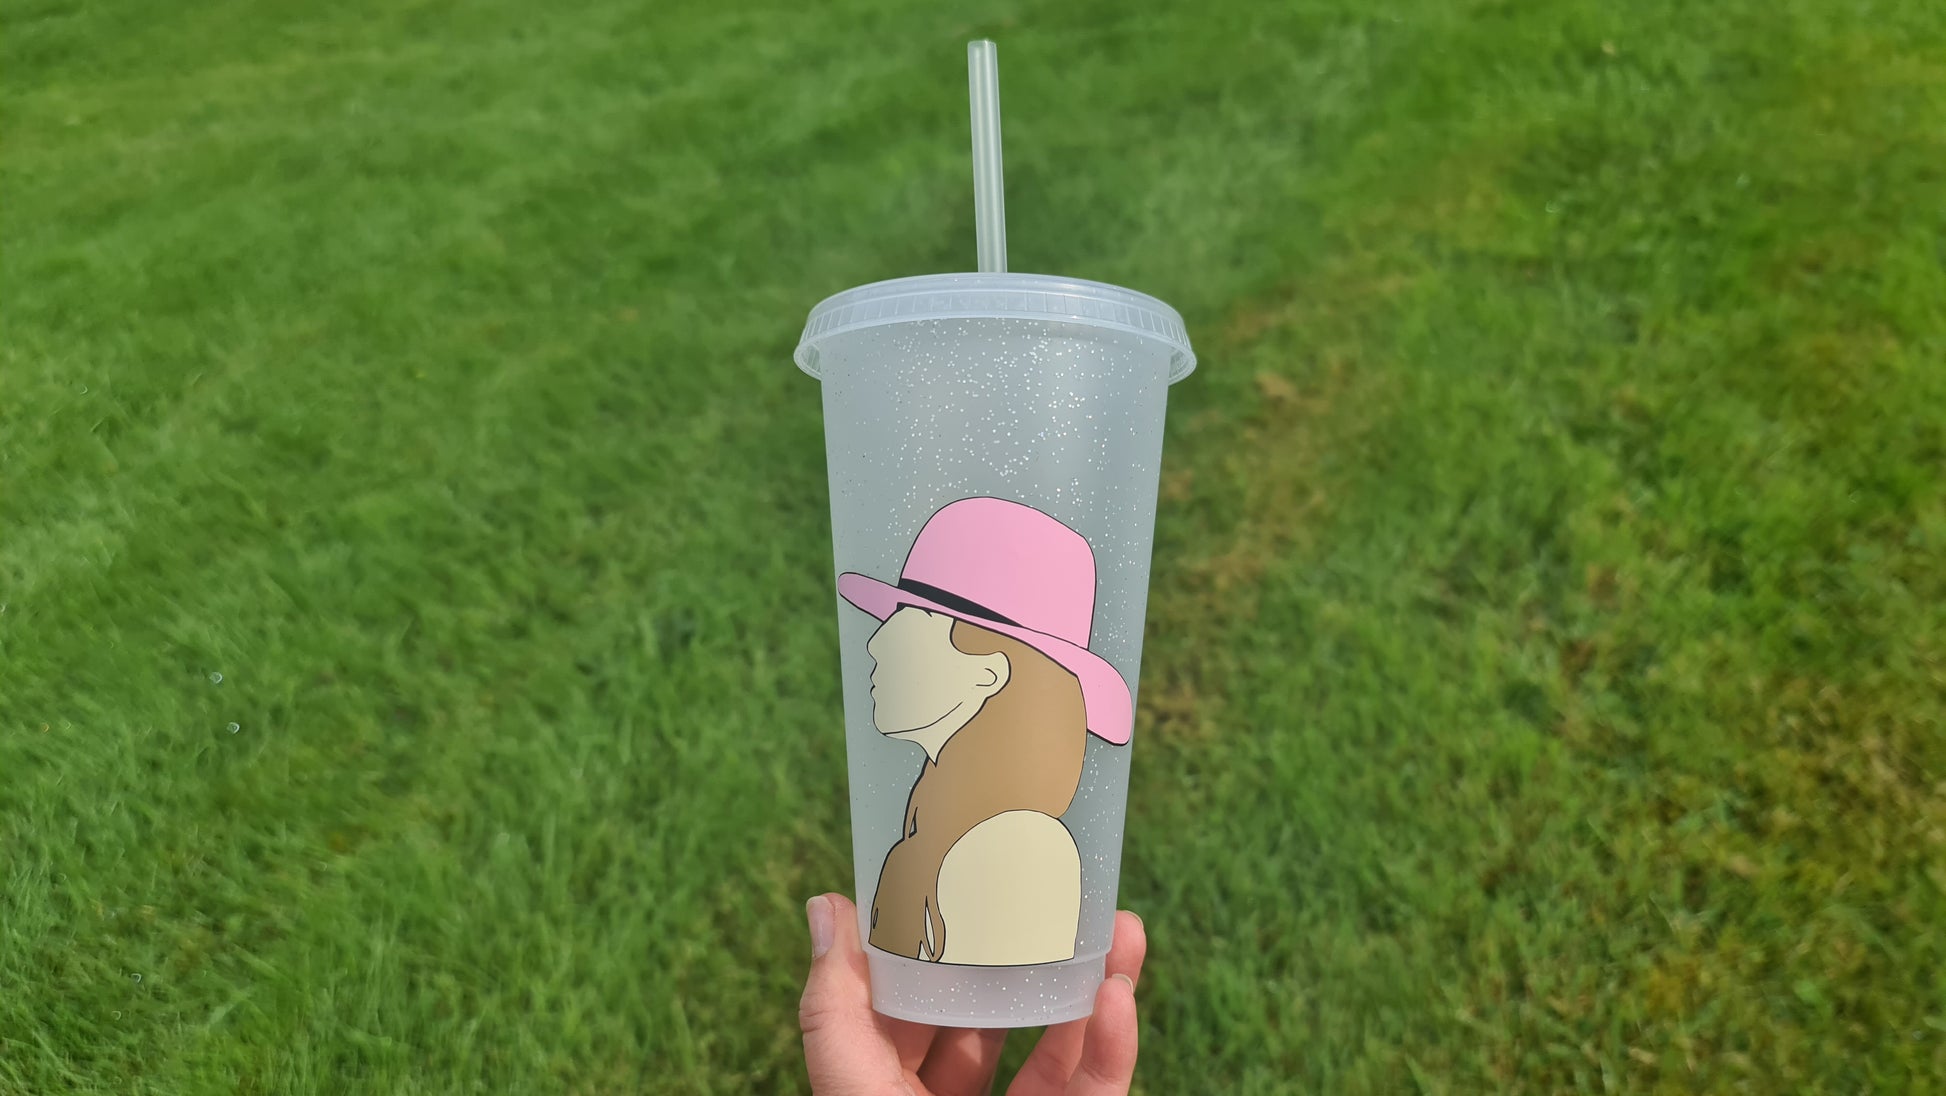 Lady Gaga 24oz Cups / Starbucks Custom Tumbler / Personalised Music Fan Merch Concert Tickets / Reusable Straw and Lid
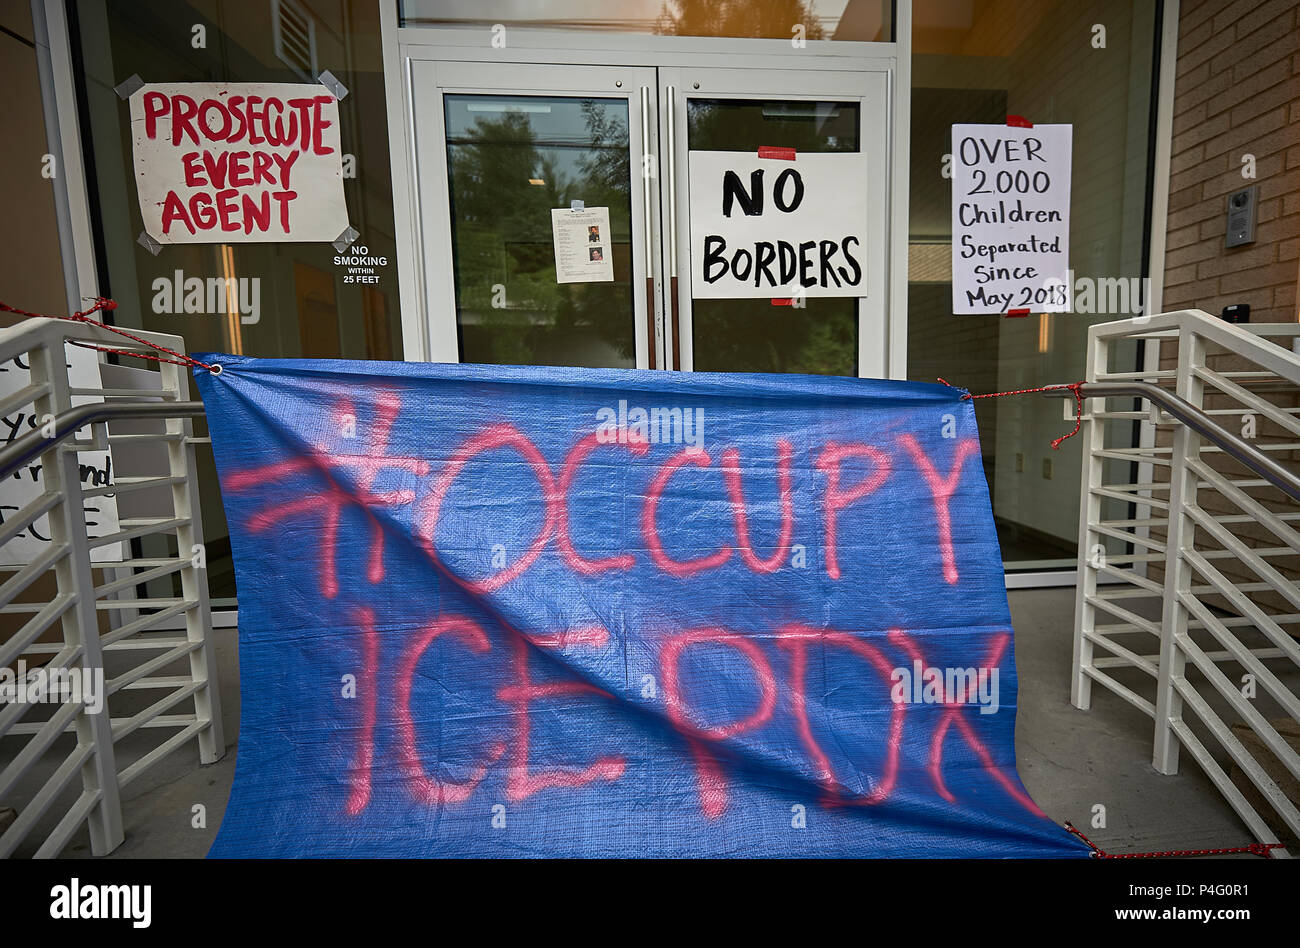 Portland, Oregon, USA. 21 June, 2018. An entrance to the field office of the United States Immigration and Customs Enforcement (ICE) in Portland, Oregon. The office was blockaded by protestors for several days before stopping operations on June 20. Protestors are objecting to the separation of families detained while seeking asylum on the U.S.-Mexico border.  Credit: Paul Jeffrey/Alamy Live News Stock Photo
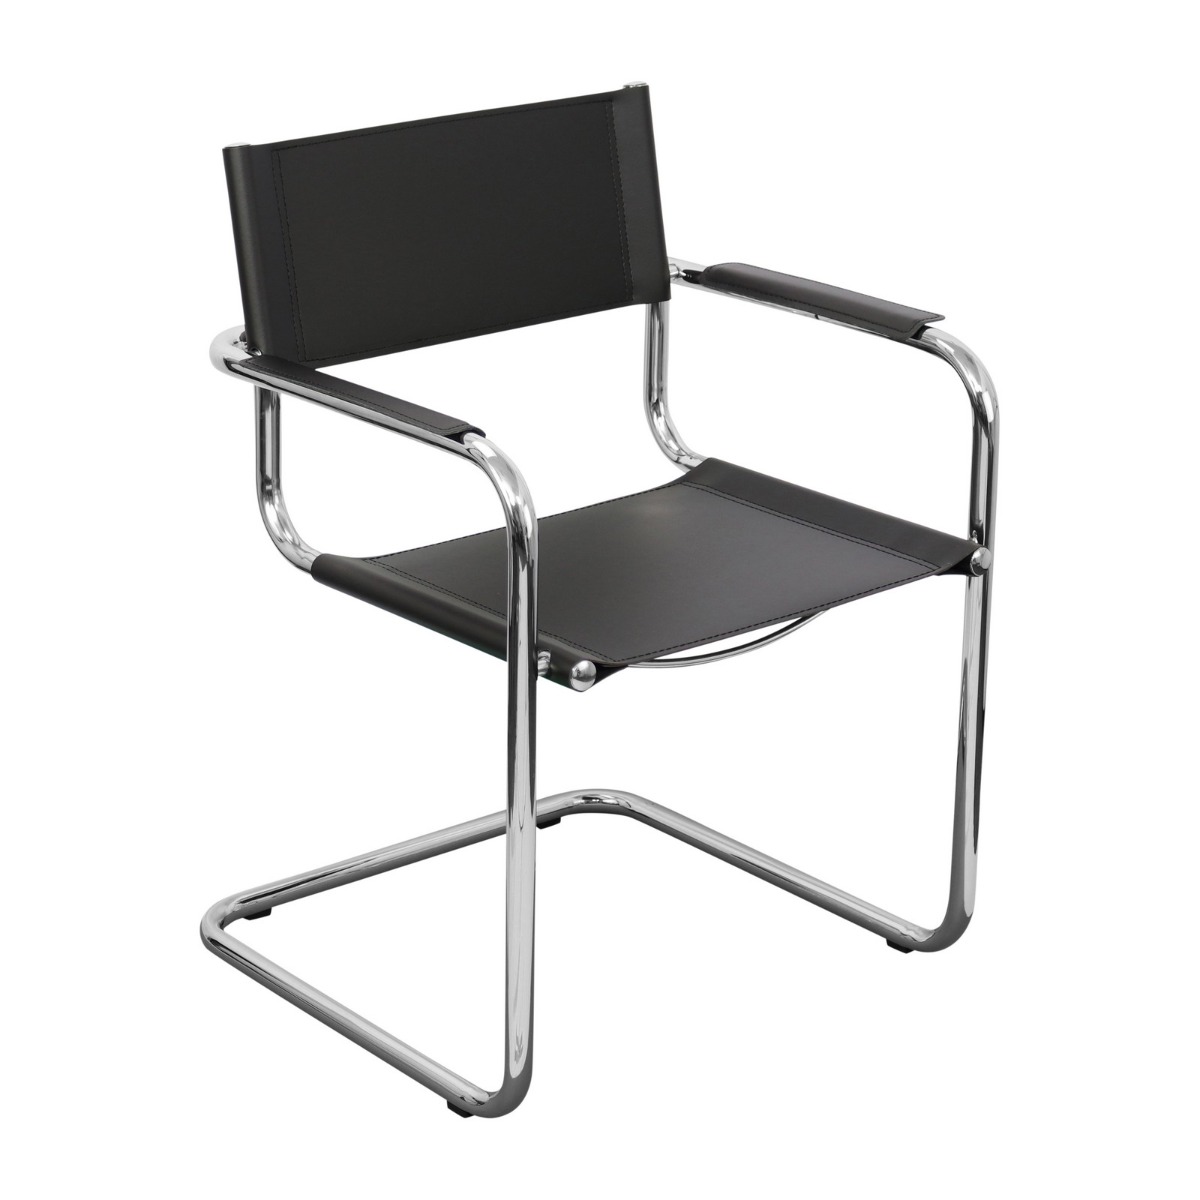 Breuer Chair Company Mart Stam Italia Cantilever Armchair Arm Chair in Chrome and Black Faux Leather
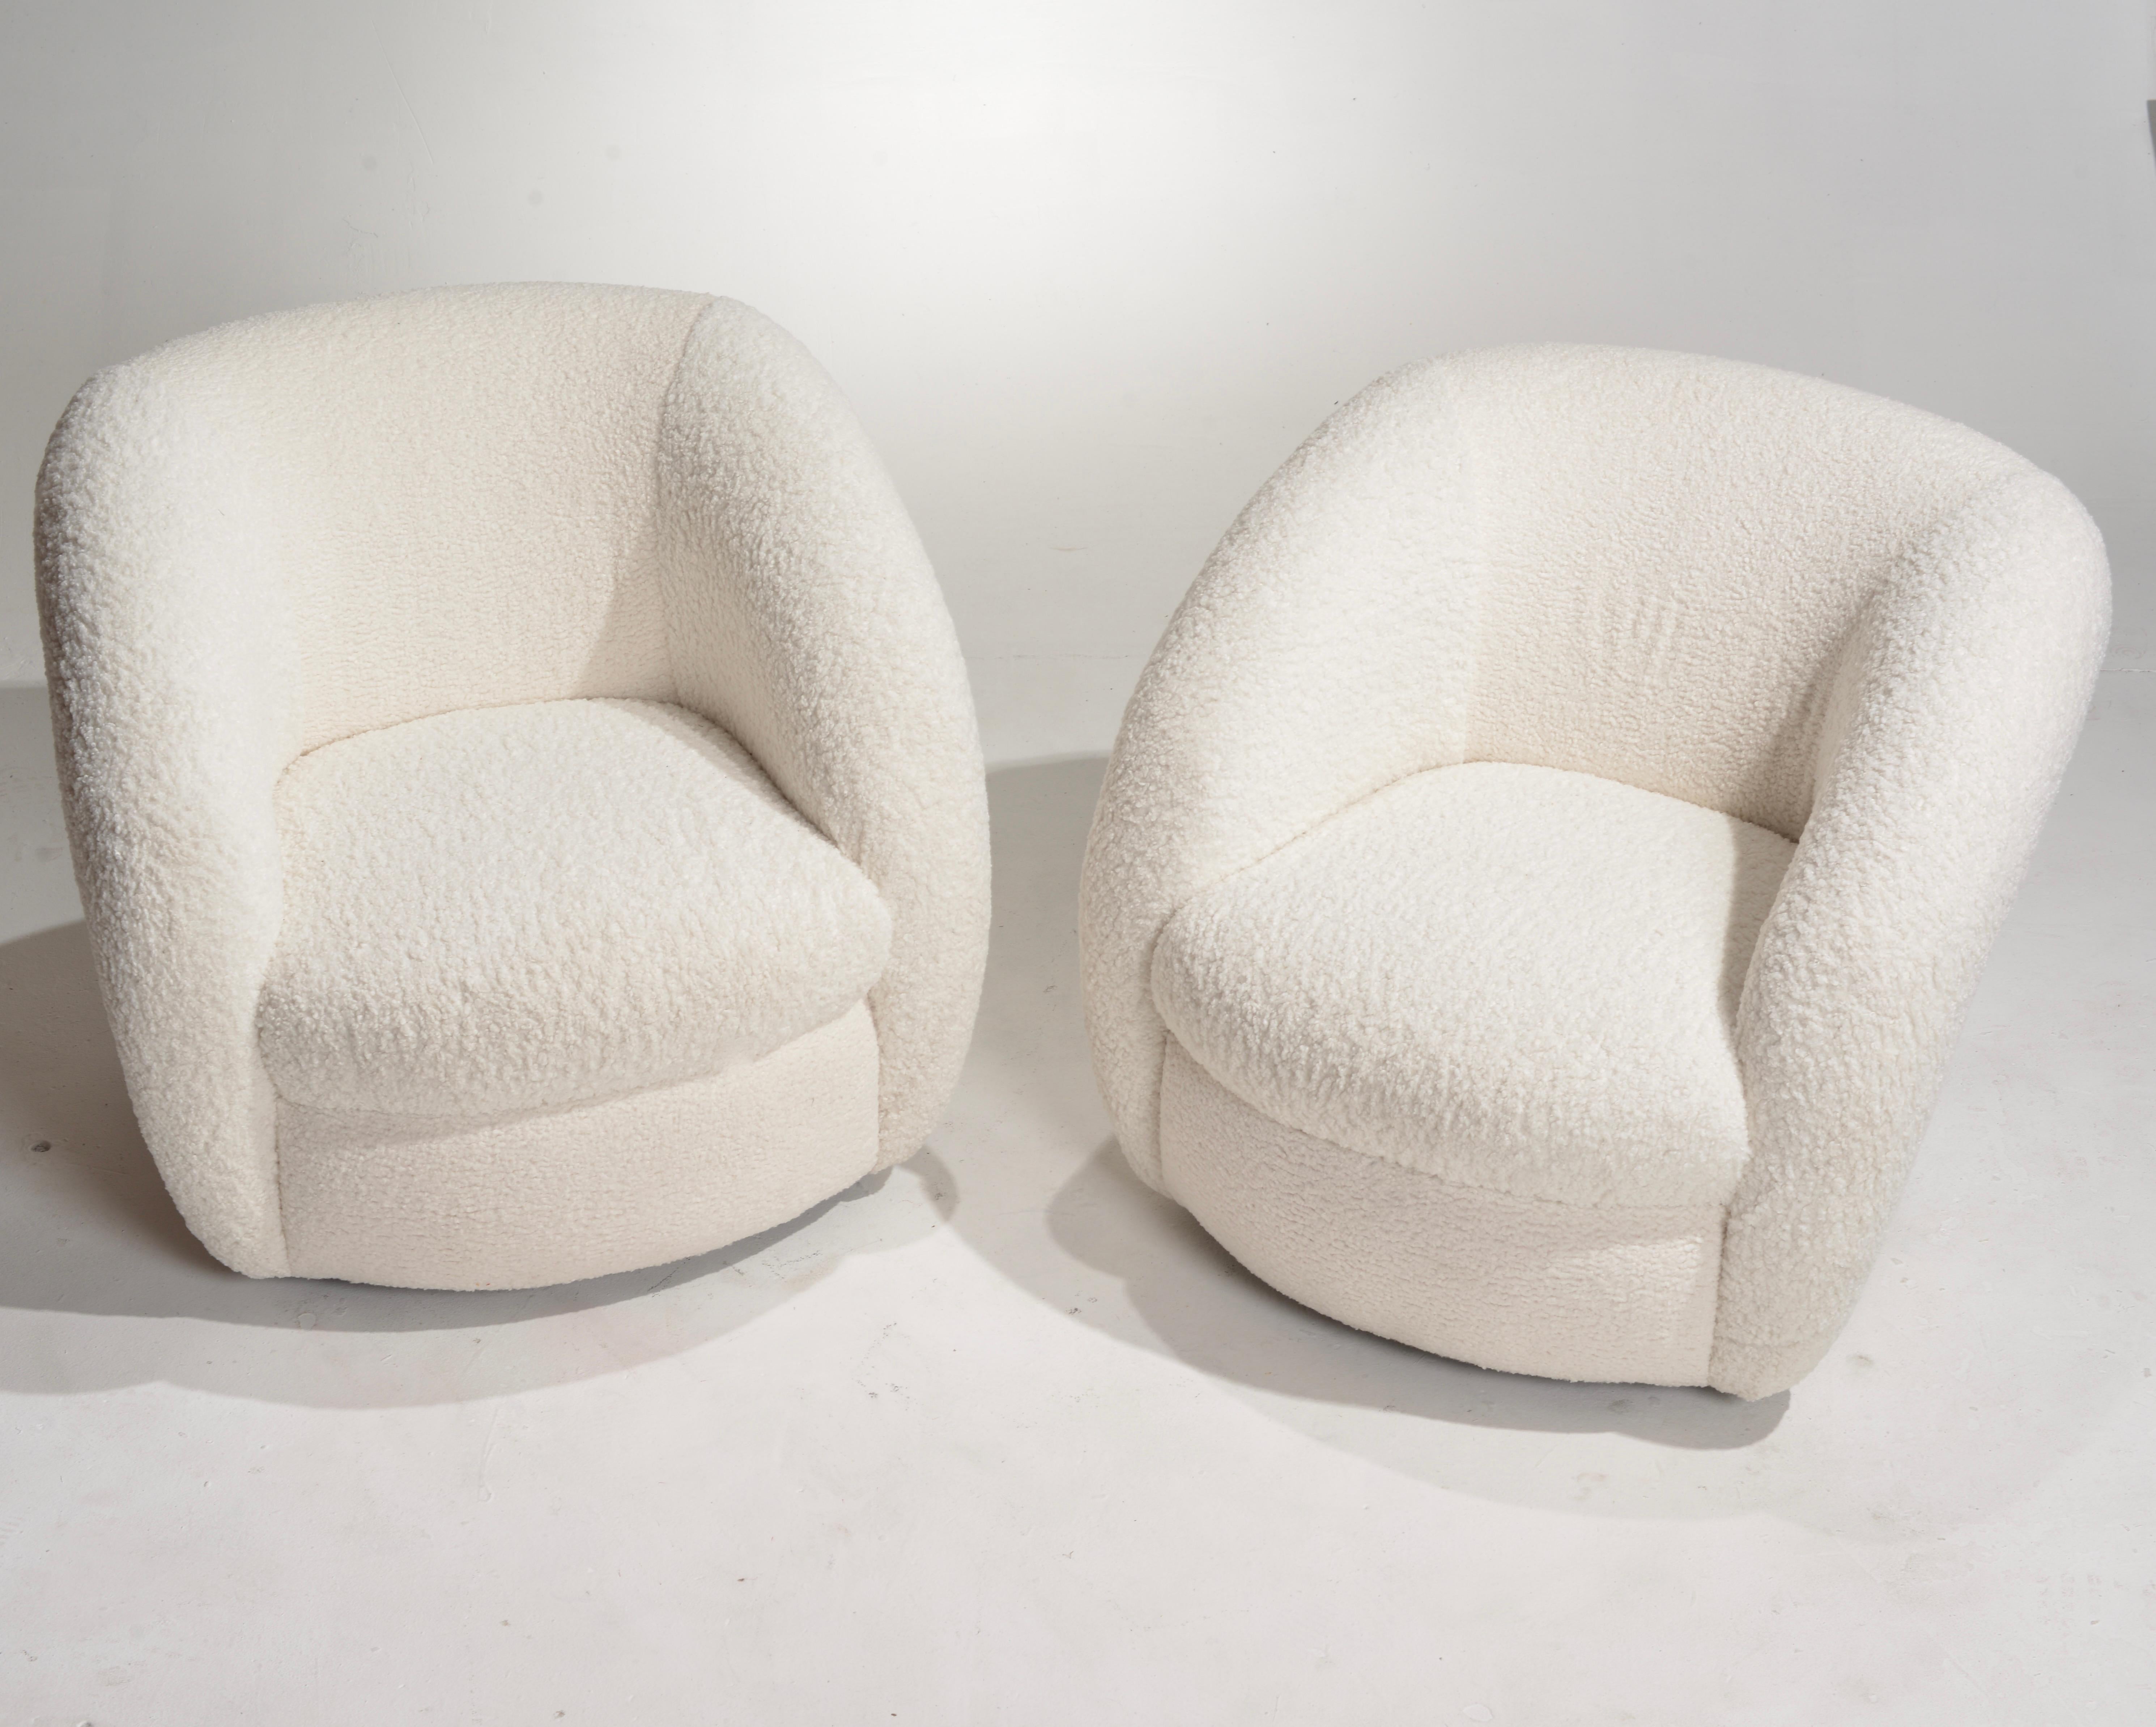 A duo of plush boucle vintage swivel lounge chairs featuring fresh upholstery in a textured bone white fabric. Large legless swivel base creates a minimal curved silhouette while raised arms connect to create the seat back.
######
What you will do: Without any pictures, please write out the lines from the one containing "Portland, Oregon, USA." through the final line of the data, exactly and inclusive of both ends.

Solution for this task:
 Portland, Oregon, USA. 21 June, 2018. An entrance to the field office of the United States Immigration and Customs Enforcement (ICE) in Portland, Oregon. The office was blockaded by protestors for several days before stopping operations on June 20. Protestors are objecting to the separation of families detained while seeking asylum on the U.S.-Mexico border.  Credit: Paul Jeffrey/Alamy Live News Stock Photo
 Breuer Chair Company Mart Stam Italia Cantilever Armchair Arm Chair in Chrome and Black Faux Leather
 A duo of plush boucle vintage swivel lounge chairs featuring fresh upholstery in a textured bone white fabric. Large legless swivel base creates a minimal curved silhouette while raised arms connect to create the seat back.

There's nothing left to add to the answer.